[Stored data]
Segment Open
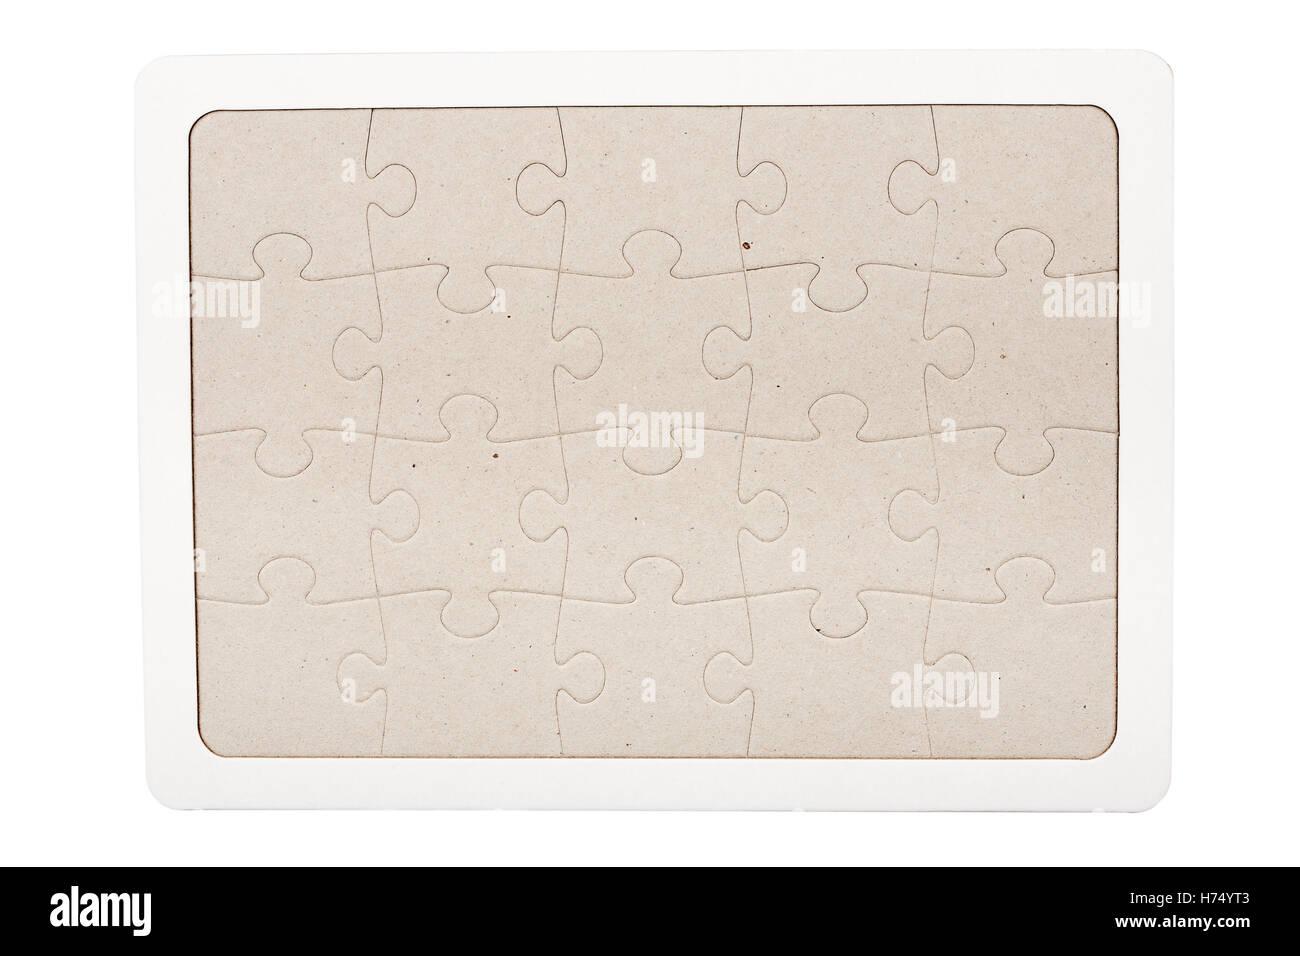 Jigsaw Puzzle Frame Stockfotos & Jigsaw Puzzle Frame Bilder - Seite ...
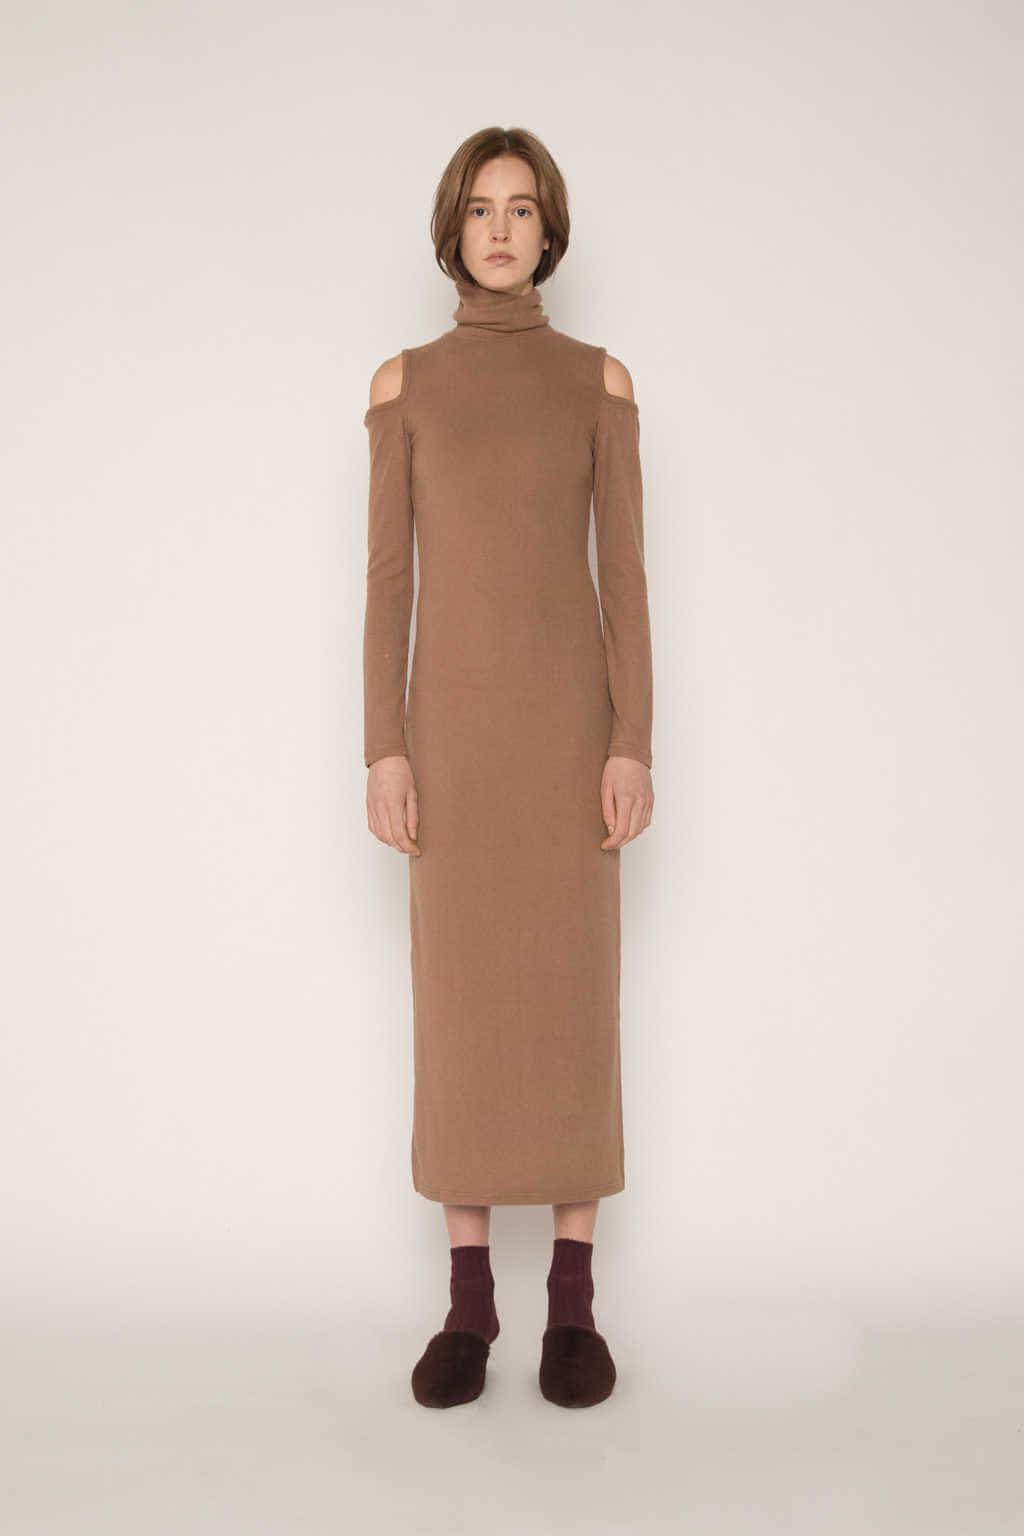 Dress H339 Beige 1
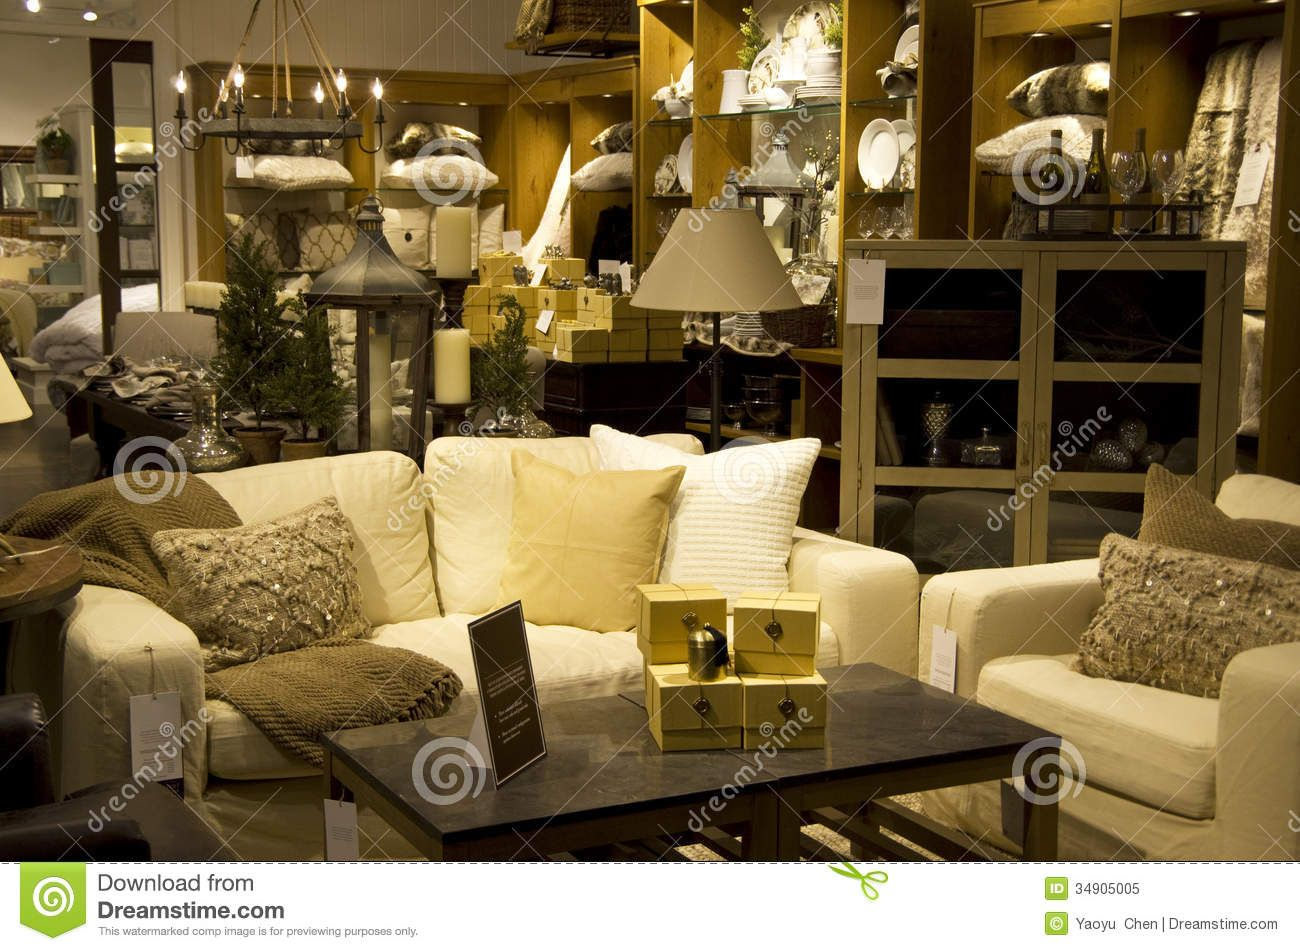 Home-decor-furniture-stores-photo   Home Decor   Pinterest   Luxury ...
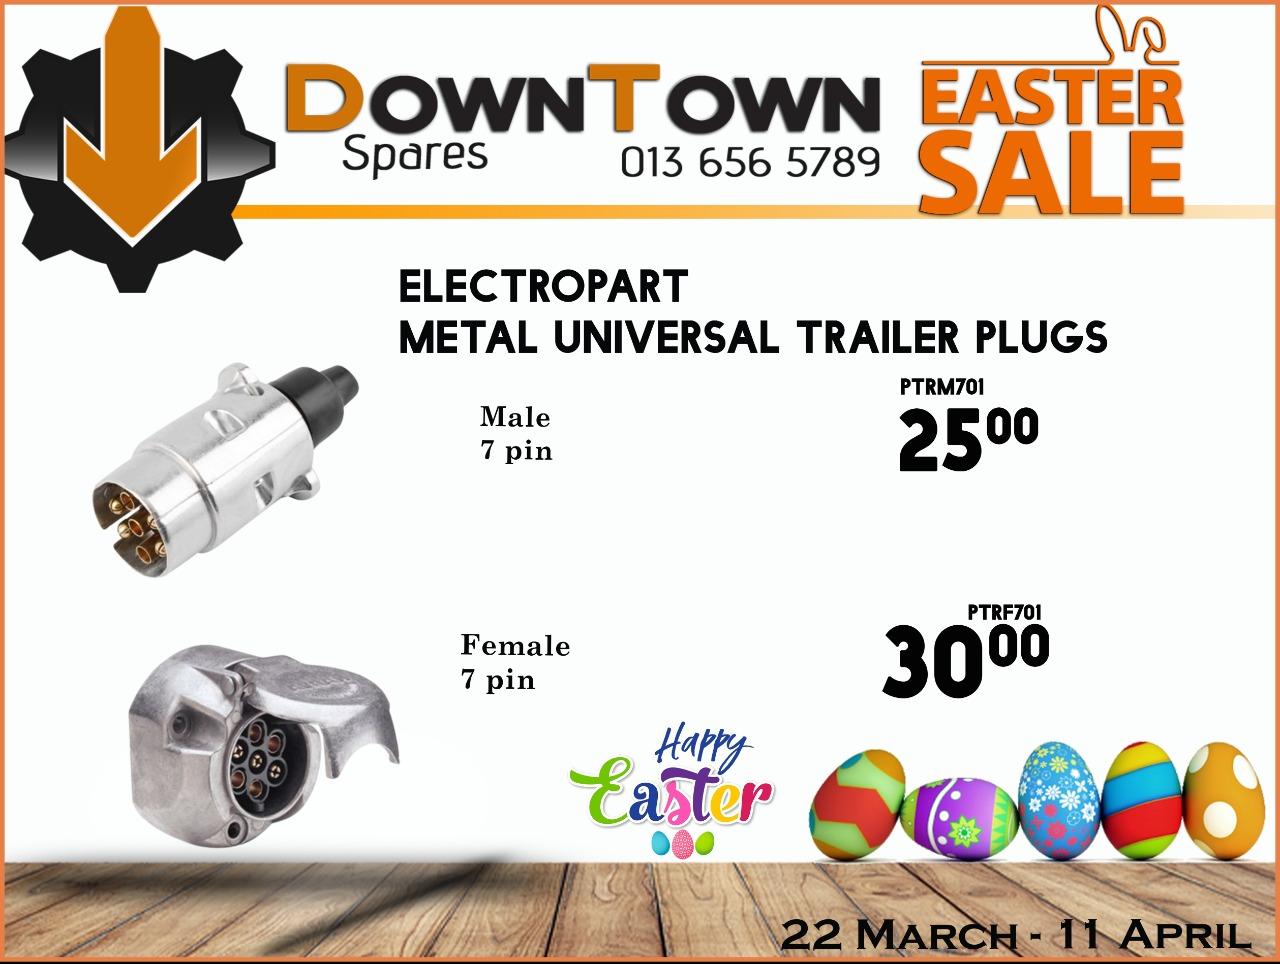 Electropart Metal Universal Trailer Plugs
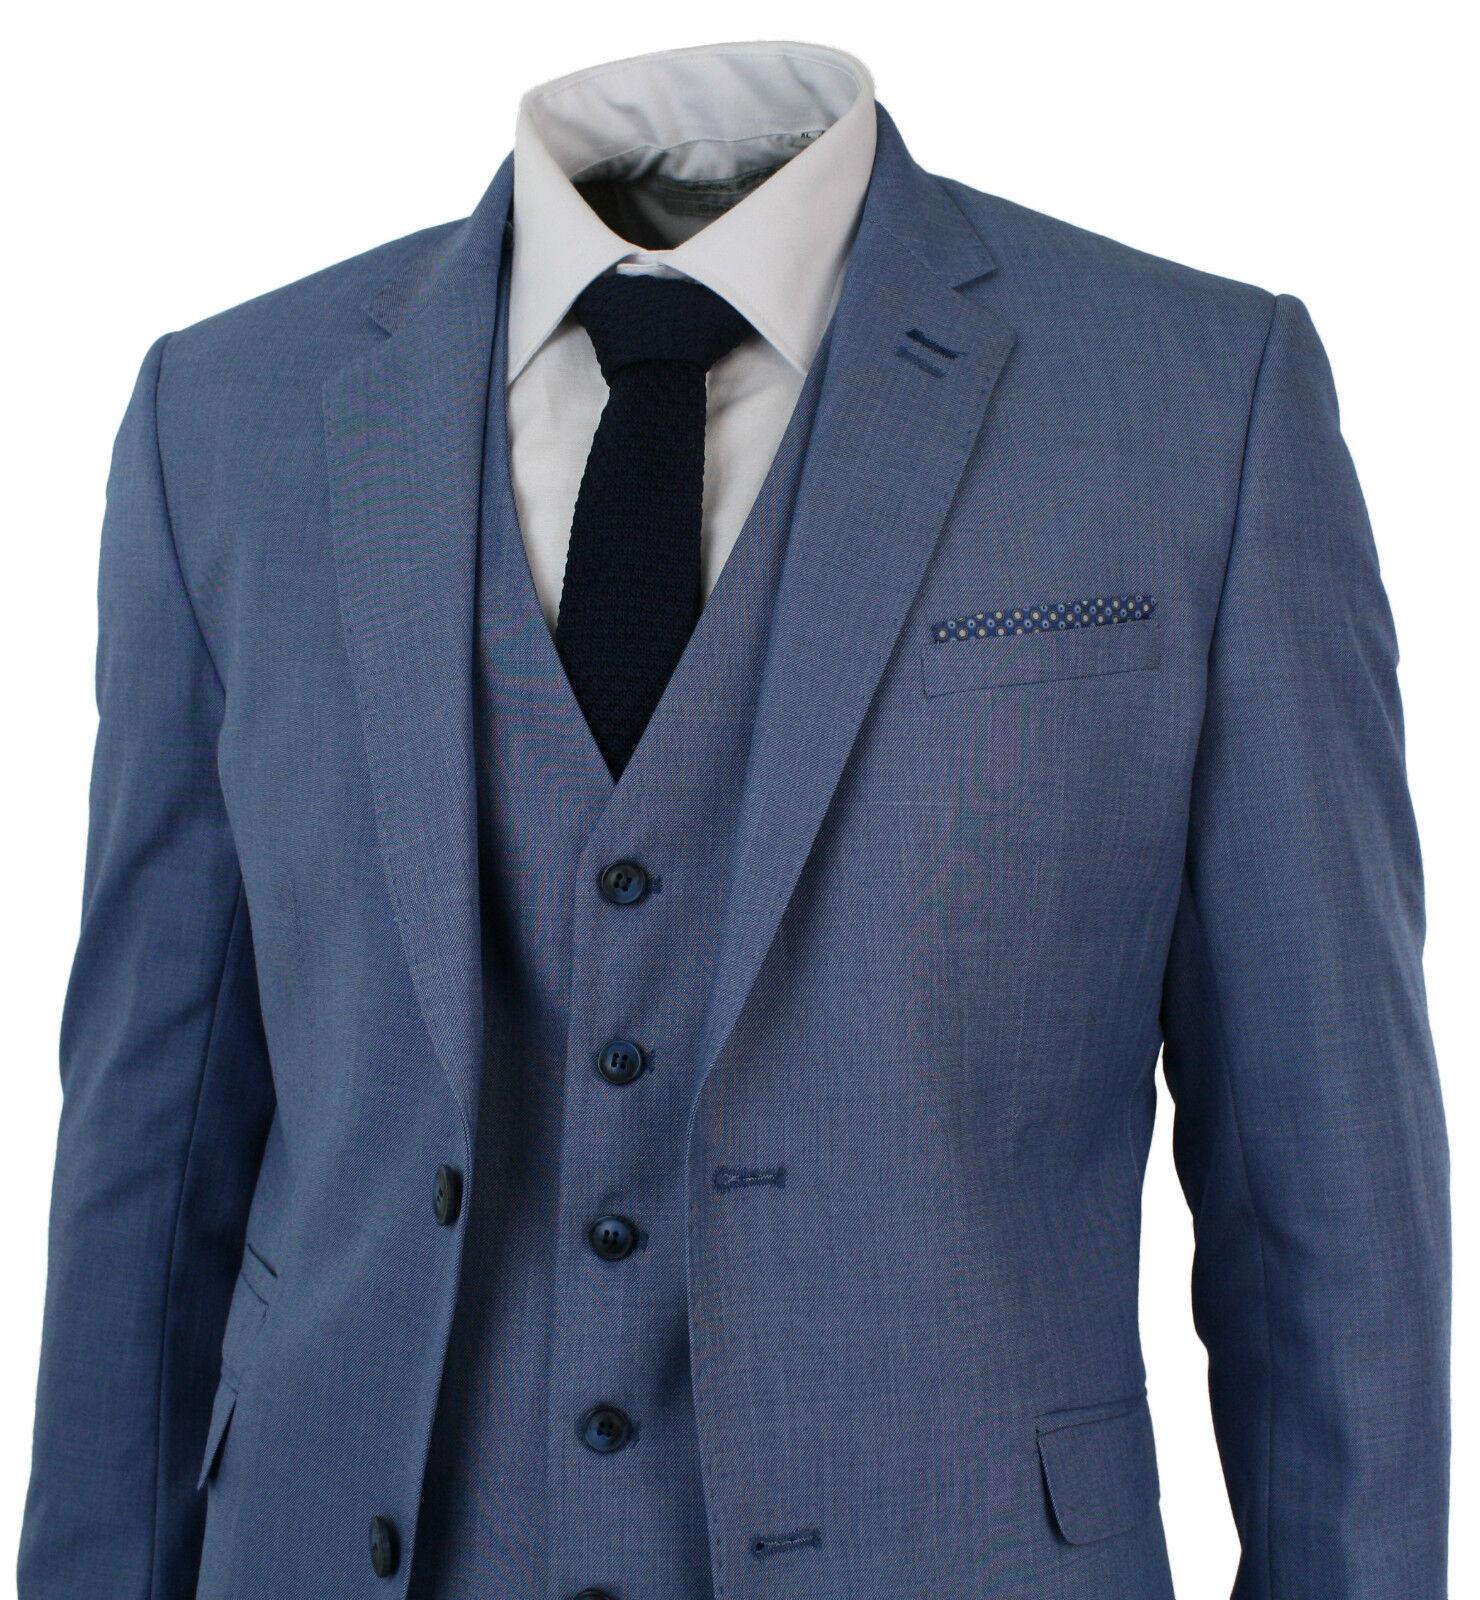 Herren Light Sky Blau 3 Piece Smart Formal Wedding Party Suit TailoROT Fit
Segment Closed
Directions for this task: Each entry above should be written out again exactly, without its pictures.

The completed task:
 Jigsaw Puzzle Frame Stockfotos & Jigsaw Puzzle Frame Bilder - Seite ...
 Dress H339 Beige 1
 Home-decor-furniture-stores-photo   Home Decor   Pinterest   Luxury ...
 Electropart Metal Universal Trailer Plugs
 Herren Light Sky Blau 3 Piece Smart Formal Wedding Party Suit TailoROT Fit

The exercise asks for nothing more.